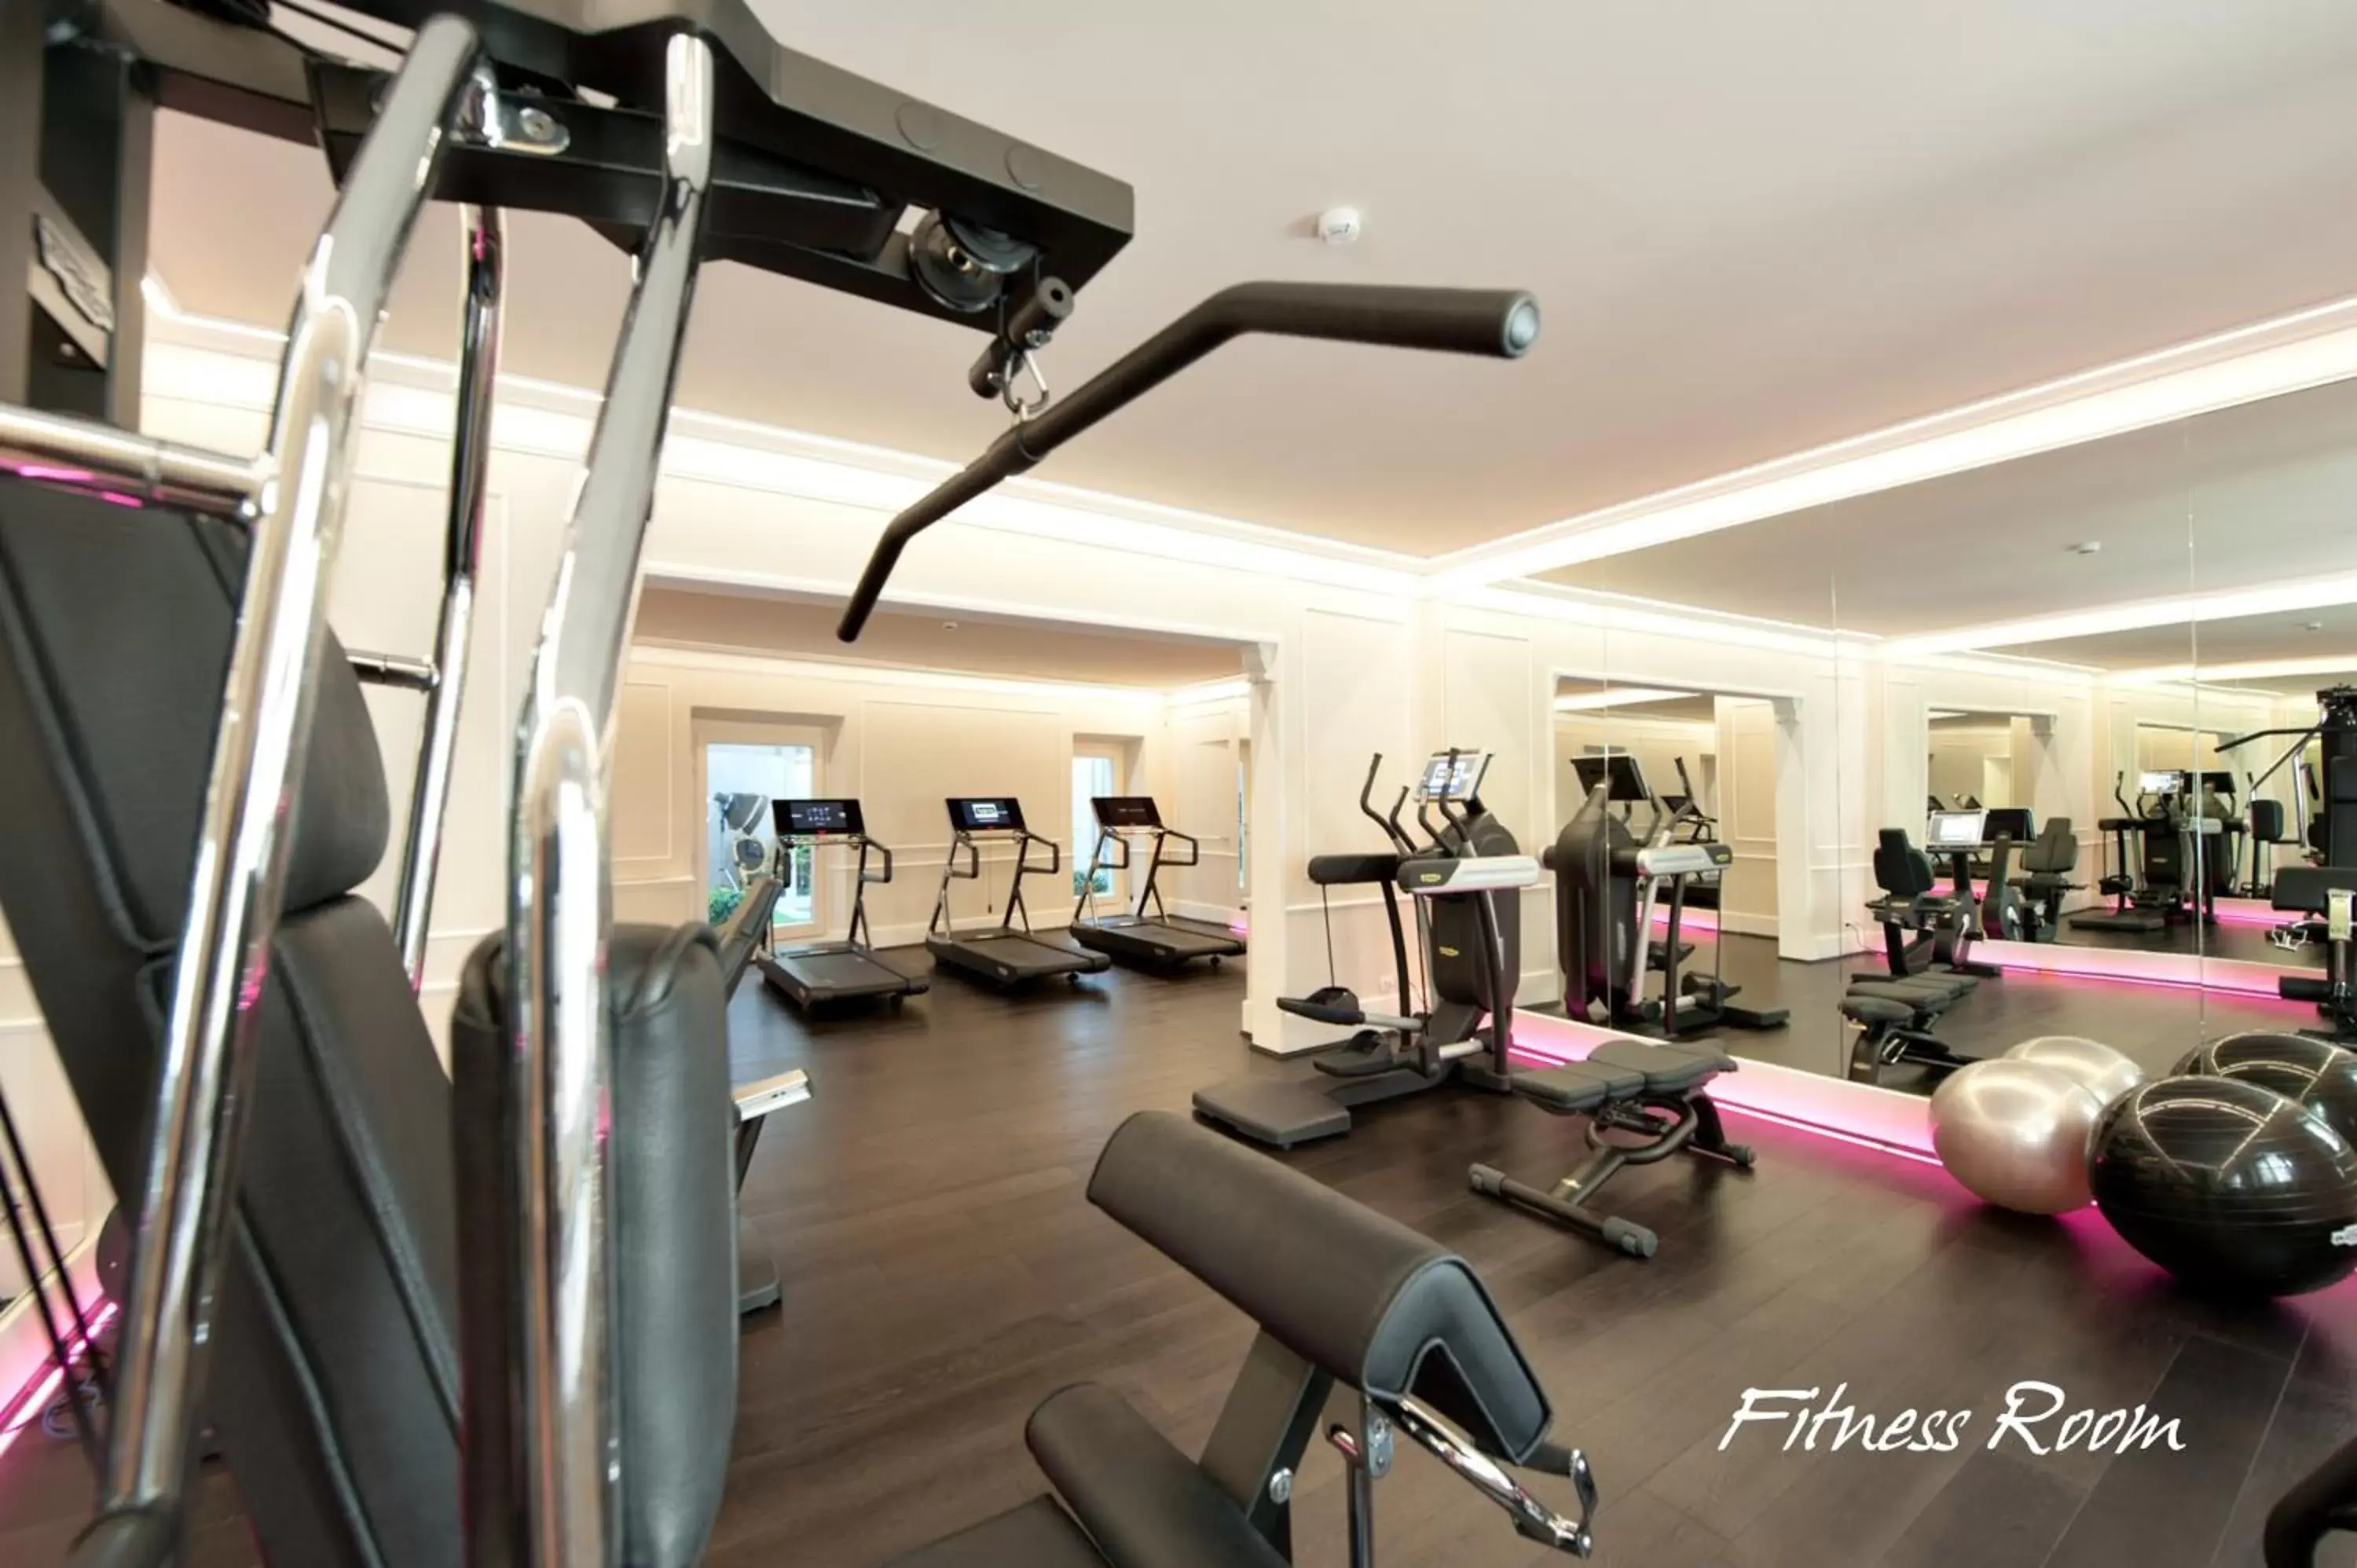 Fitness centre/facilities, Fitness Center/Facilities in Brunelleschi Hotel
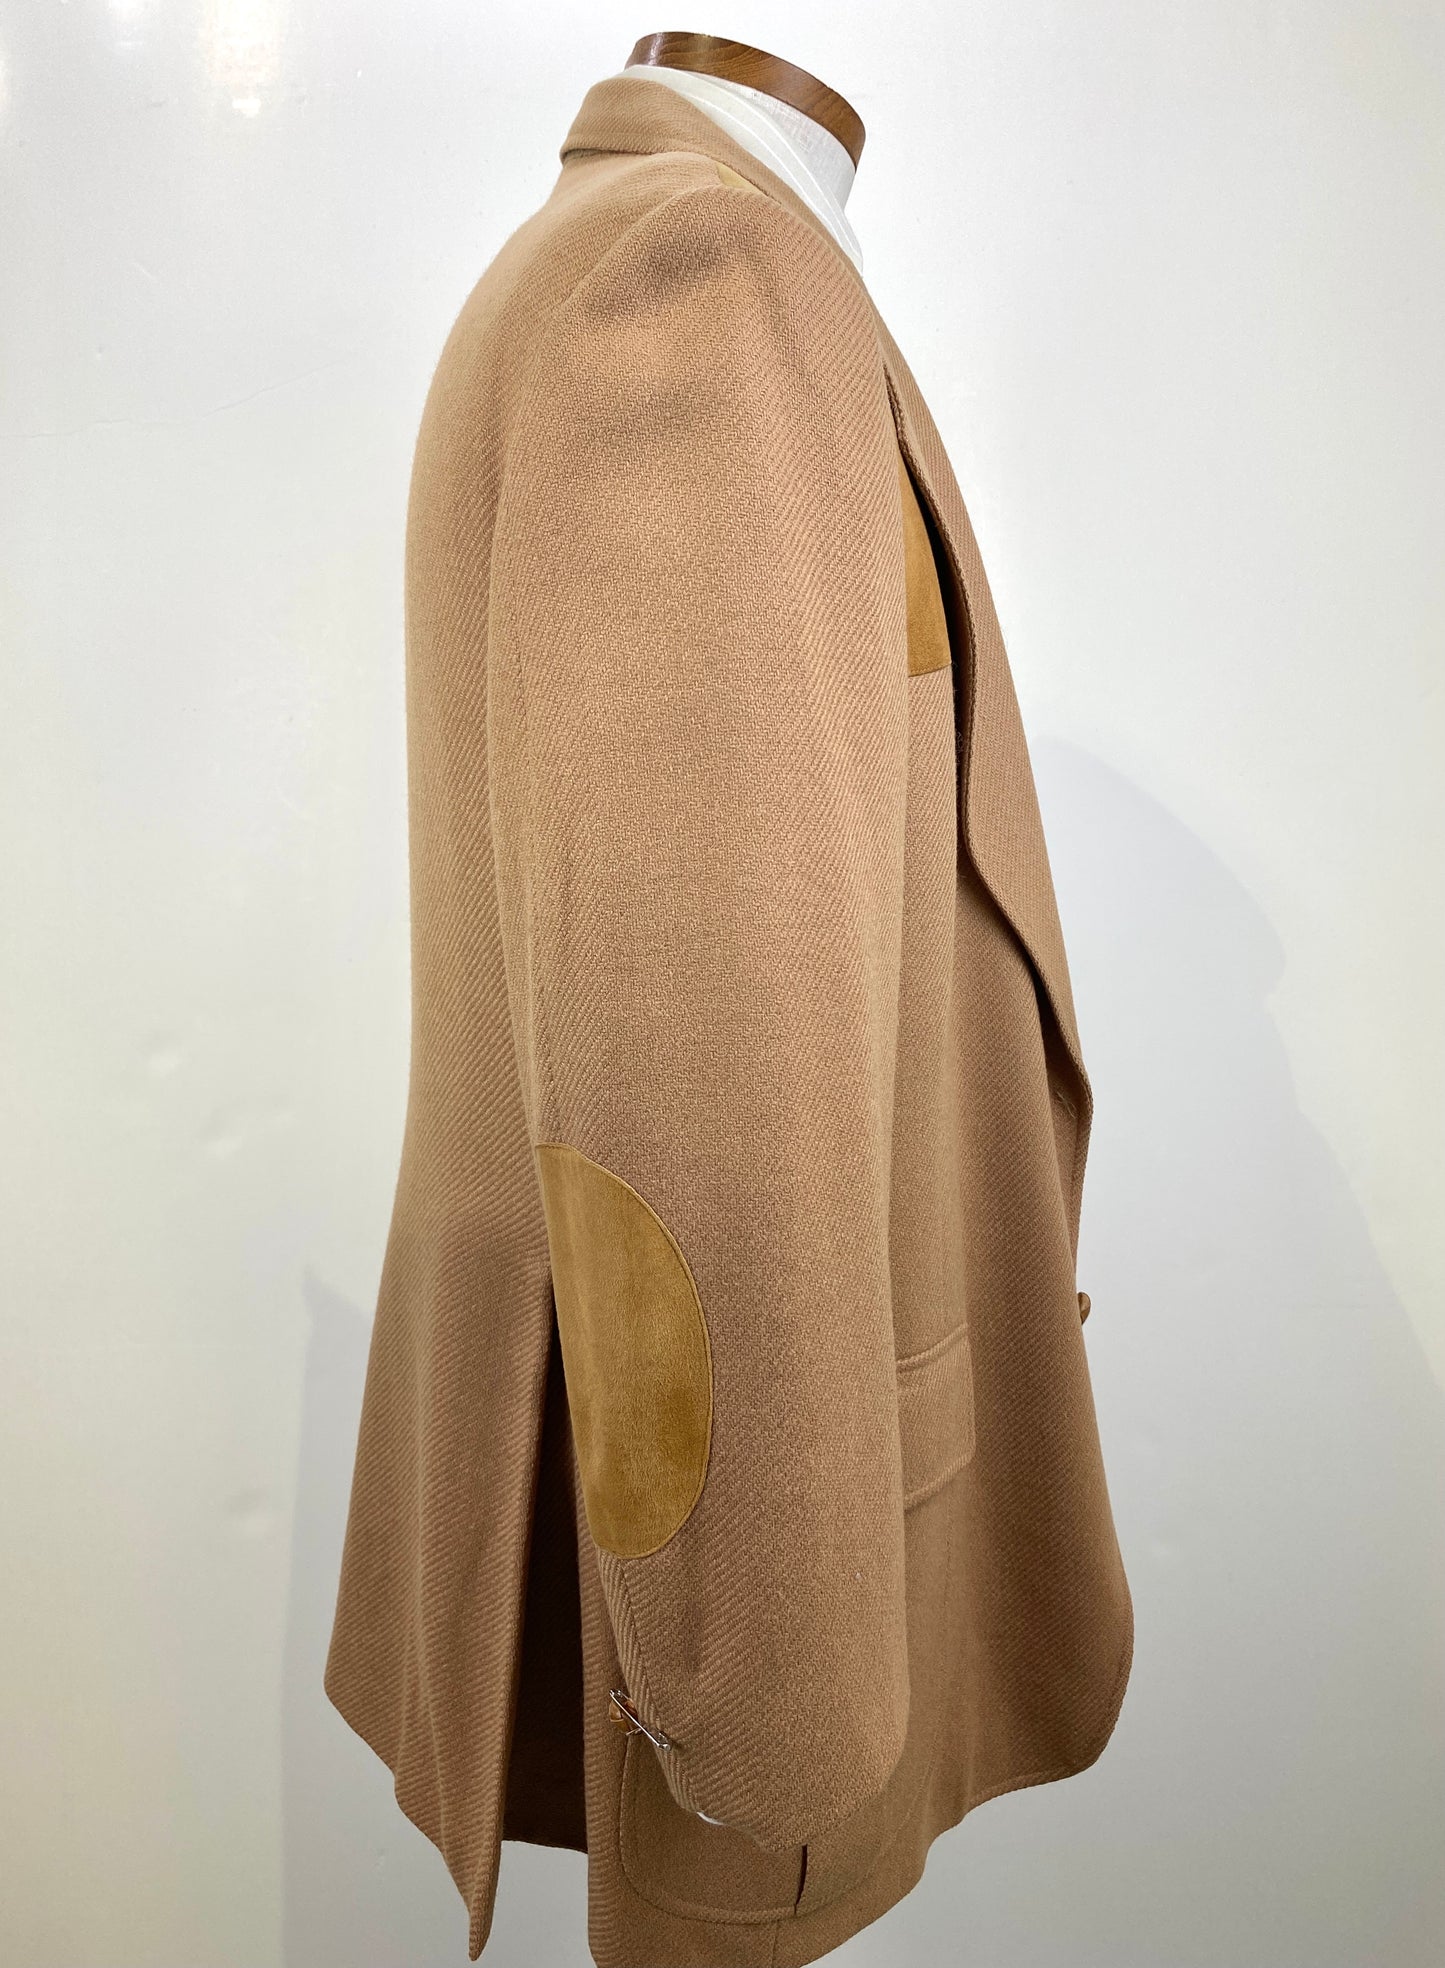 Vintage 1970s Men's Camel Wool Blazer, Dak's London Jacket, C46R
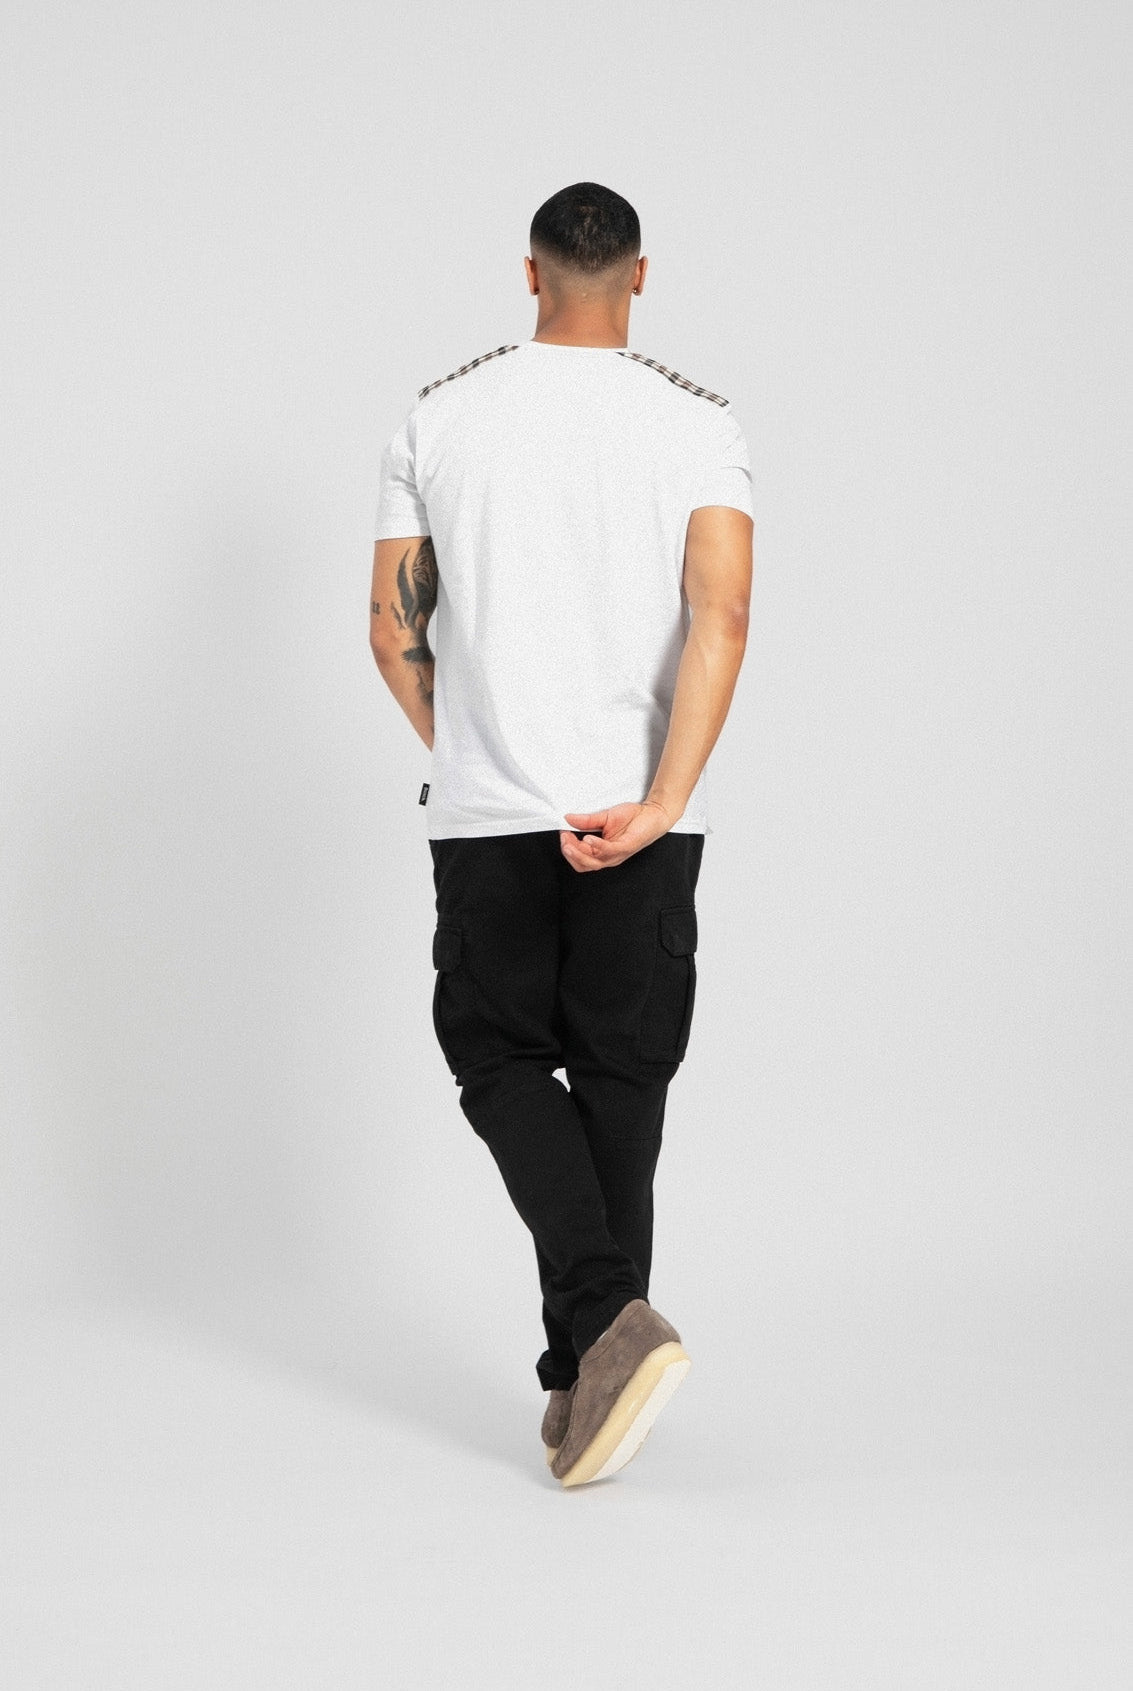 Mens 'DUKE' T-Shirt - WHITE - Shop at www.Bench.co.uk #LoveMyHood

▬▬▬▬▬▬▬▬▬▬

* _Assigned task_: Make an exact copy of the listing above, omitting the pictures.

* _Written response_:
 Fitness centre/facilities, Fitness Center/Facilities in Brunelleschi Hotel
 Vintage 1970s Men's Camel Wool Blazer, Dak's London Jacket, C46R
 Mens 'DUKE' T-Shirt - WHITE - Shop at www.Bench.co.uk #LoveMyHood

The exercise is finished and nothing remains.